#### Task
Nothing but the text of the listing, repeated exactly, belongs in the answer; leave the images out.
START Data
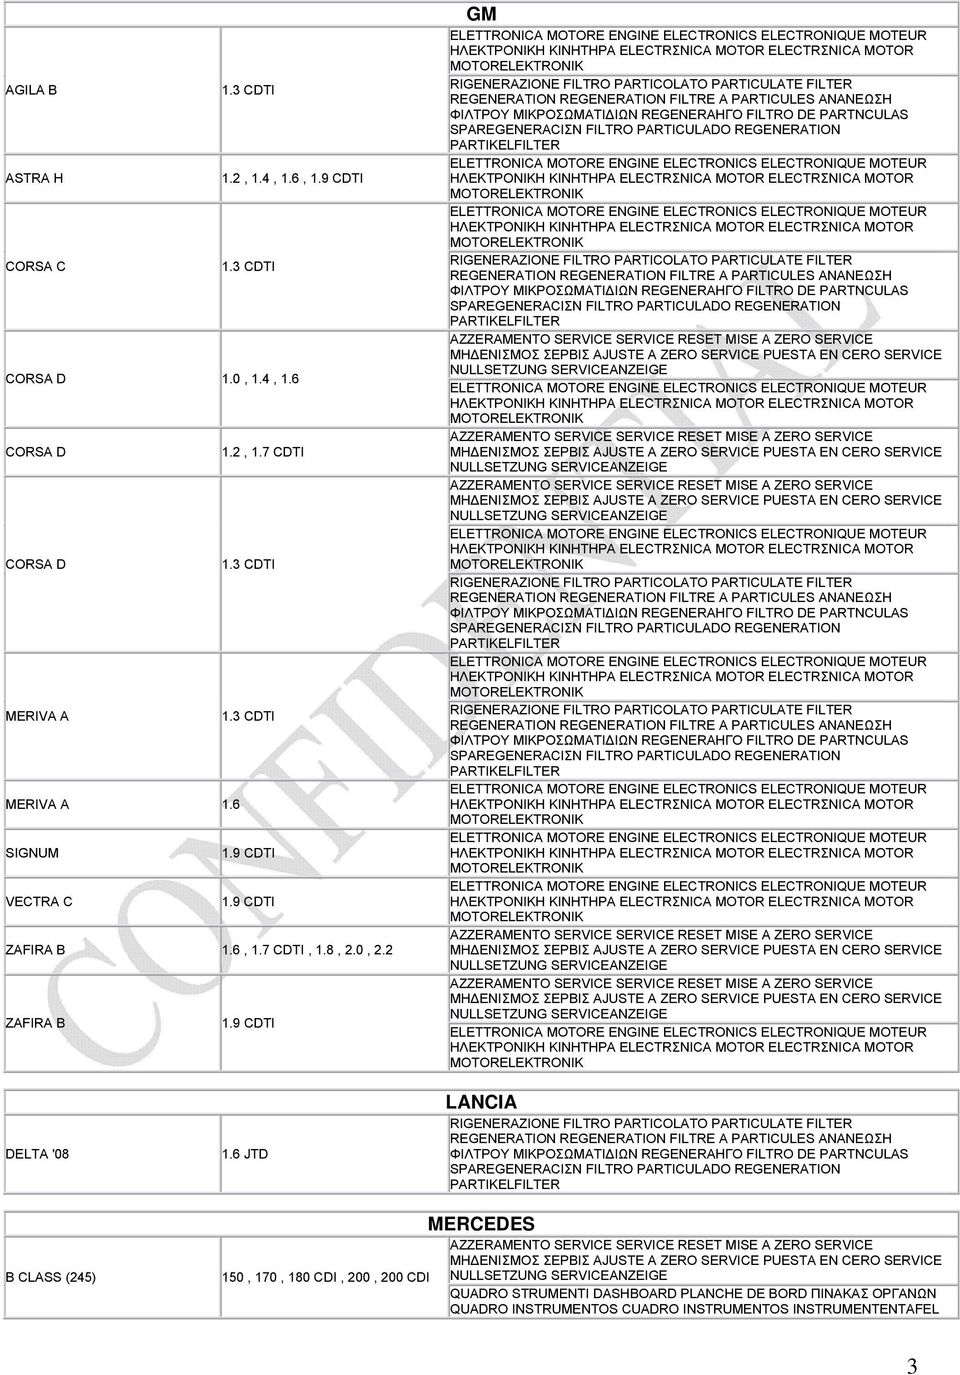 6 JTD LANCIA B CLASS (245) 150, 170, 180 CDI, 200, 200 CDI MERCEDES QUADRO STRUMENTI
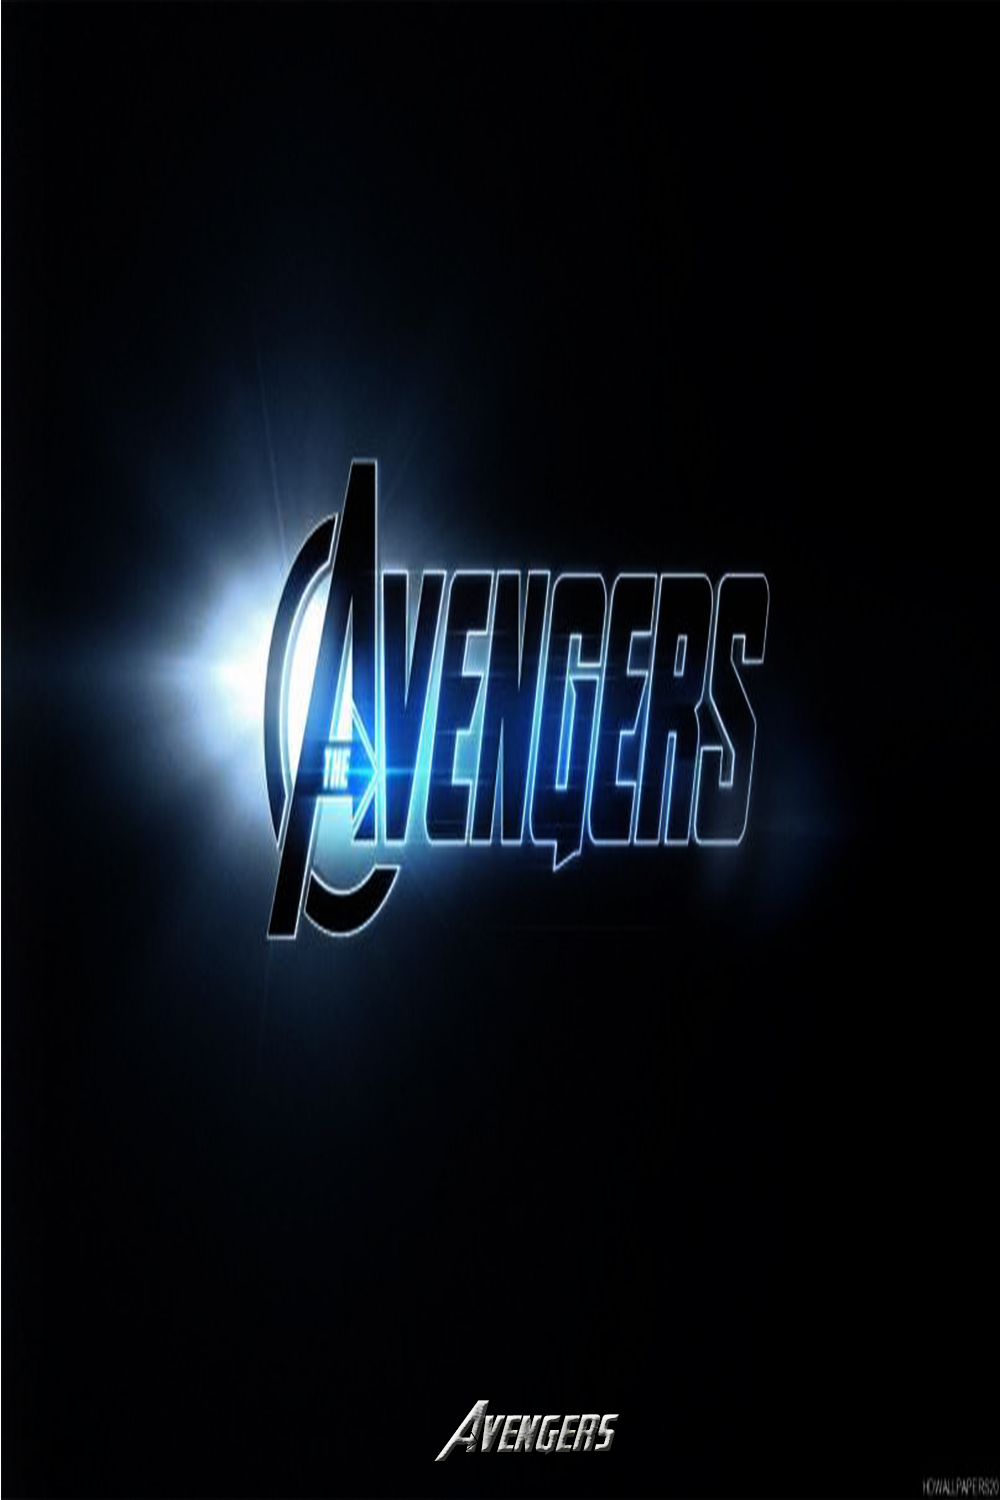 Avengers Wallpaper 4k,,avengers Wallpaper For Mobile,,avengers - Graphic  Design - 1000x1500 Wallpaper 
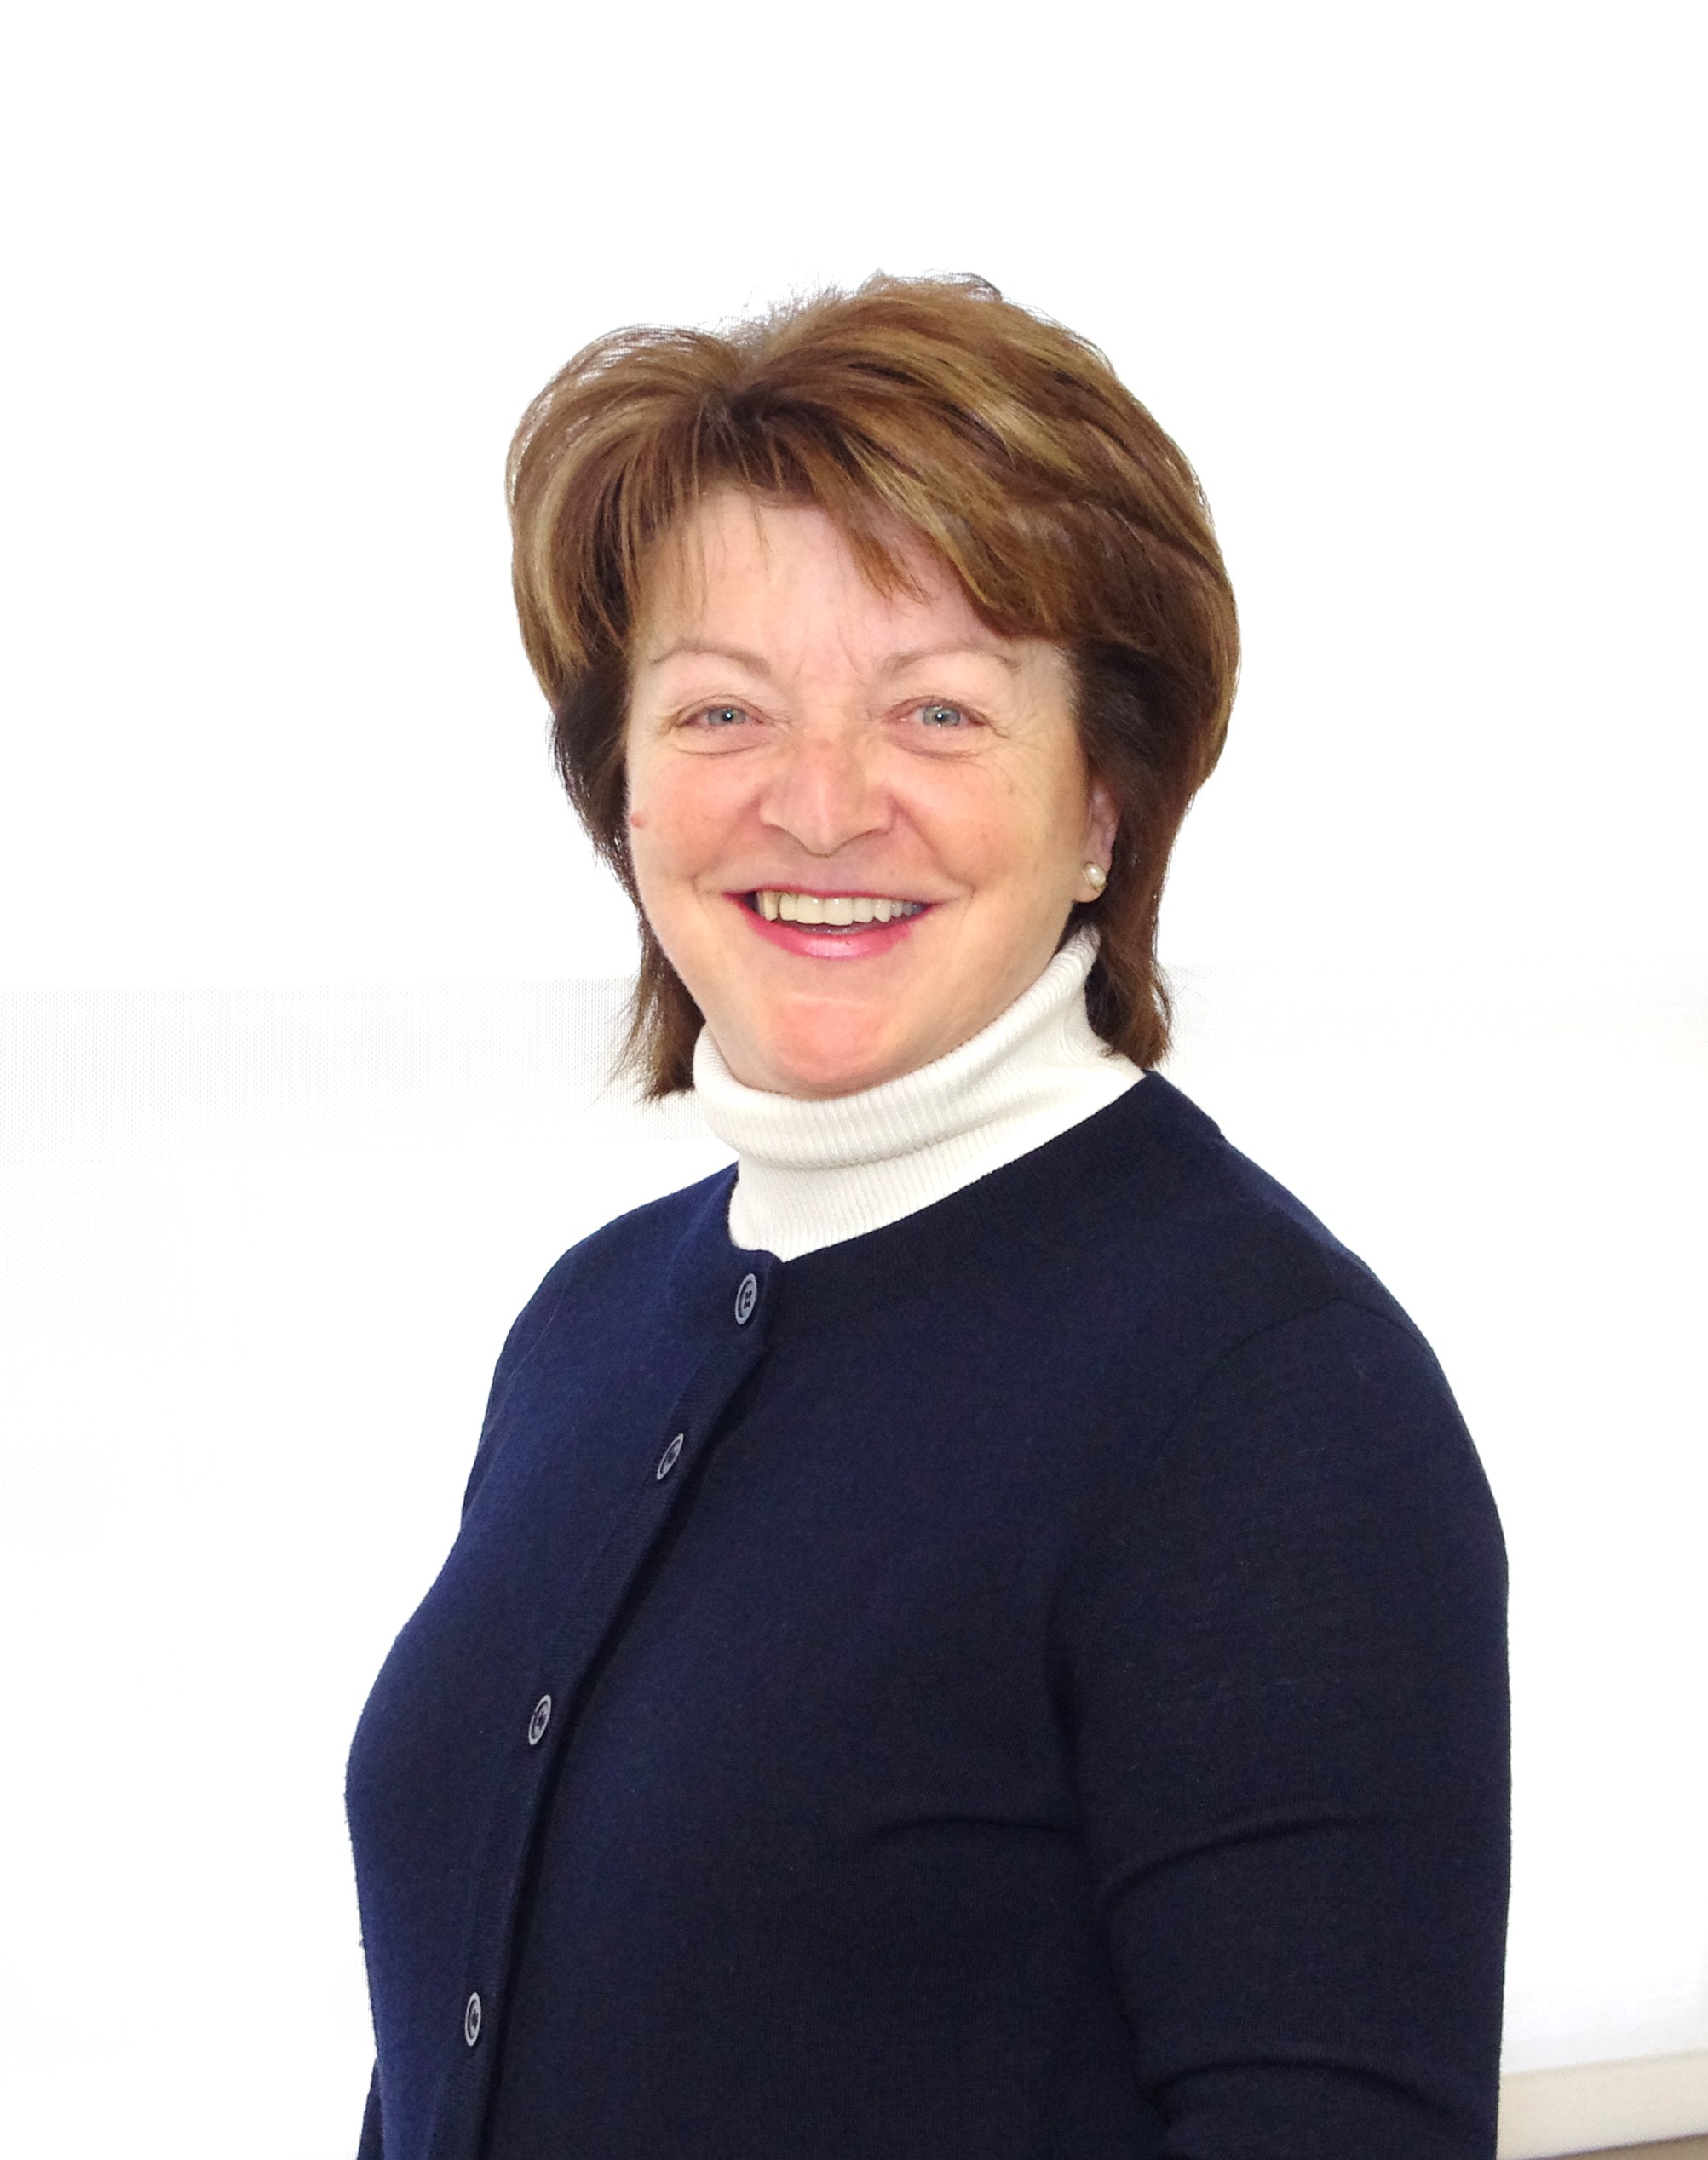 Denise Leclerc - Mentor d'entrepreneurs pour la région nord du Québec - Centre d'entrepreneurship nordique
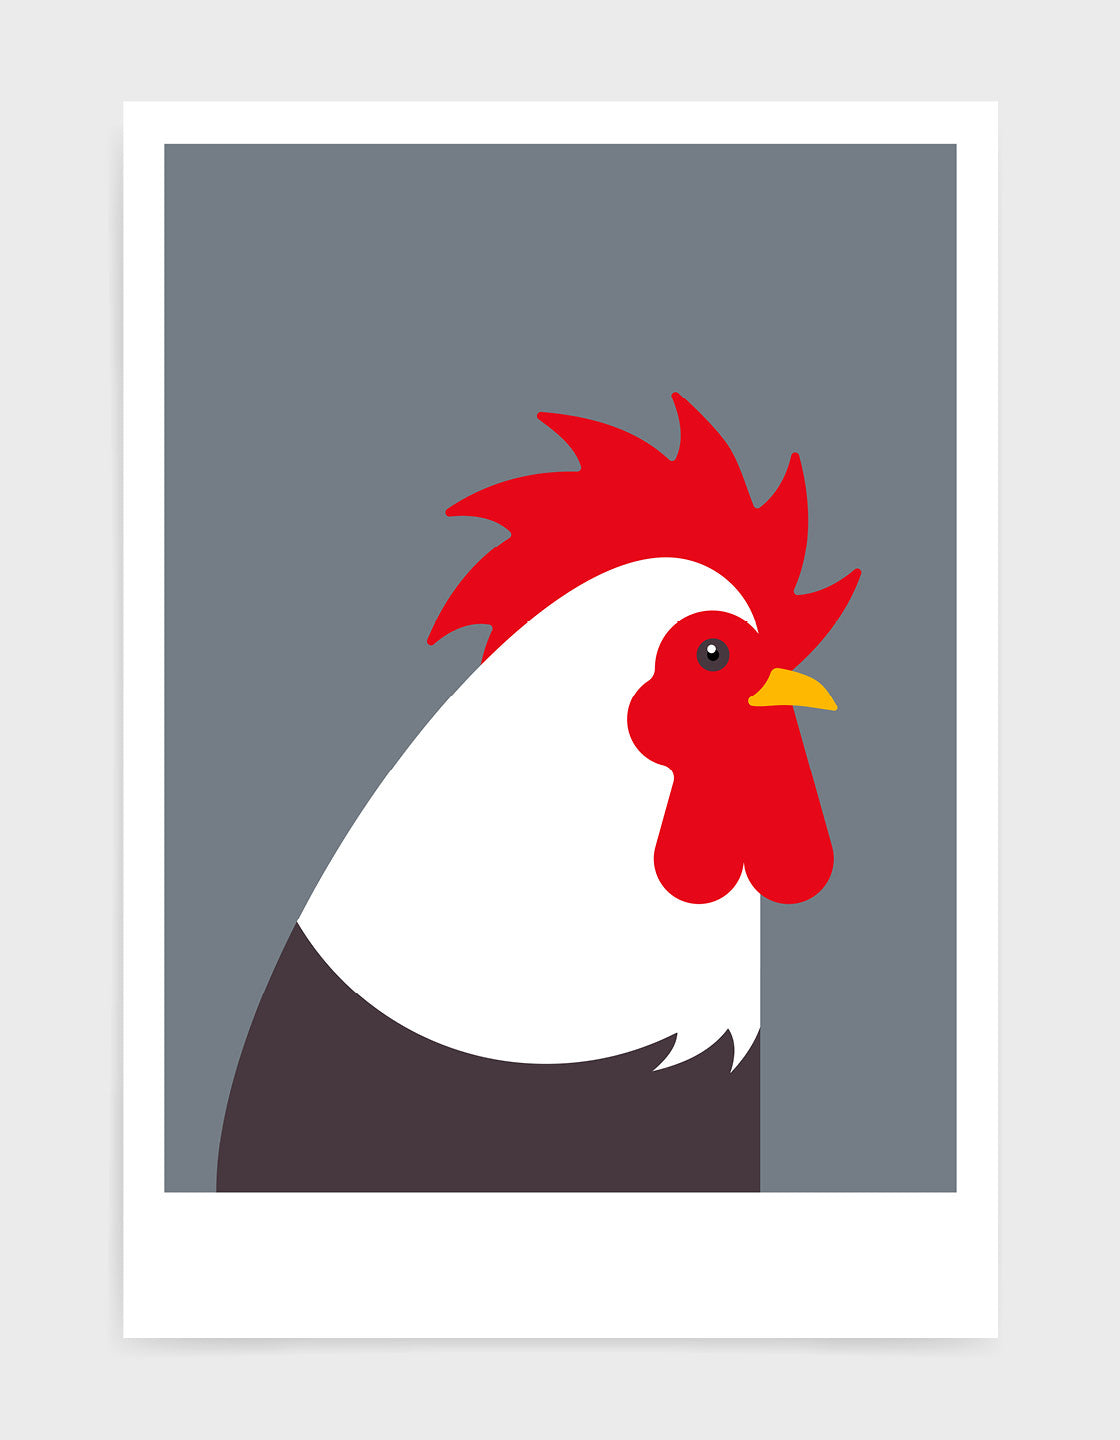 Modern cockerel / chicken illustration against a dark grey background
END Data
#### Your response
 6 JTD LANCIA B CLASS (245) 150, 170, 180 CDI, 200, 200 CDI MERCEDES QUADRO STRUMENTI
 Avengers Wallpaper 4k,,avengers Wallpaper For Mobile,,avengers - Graphic  Design - 1000x1500 Wallpaper 
 Denise Leclerc - Mentor d'entrepreneurs pour la région nord du Québec - Centre d'entrepreneurship nordique
 Modern cockerel / chicken illustration against a dark grey background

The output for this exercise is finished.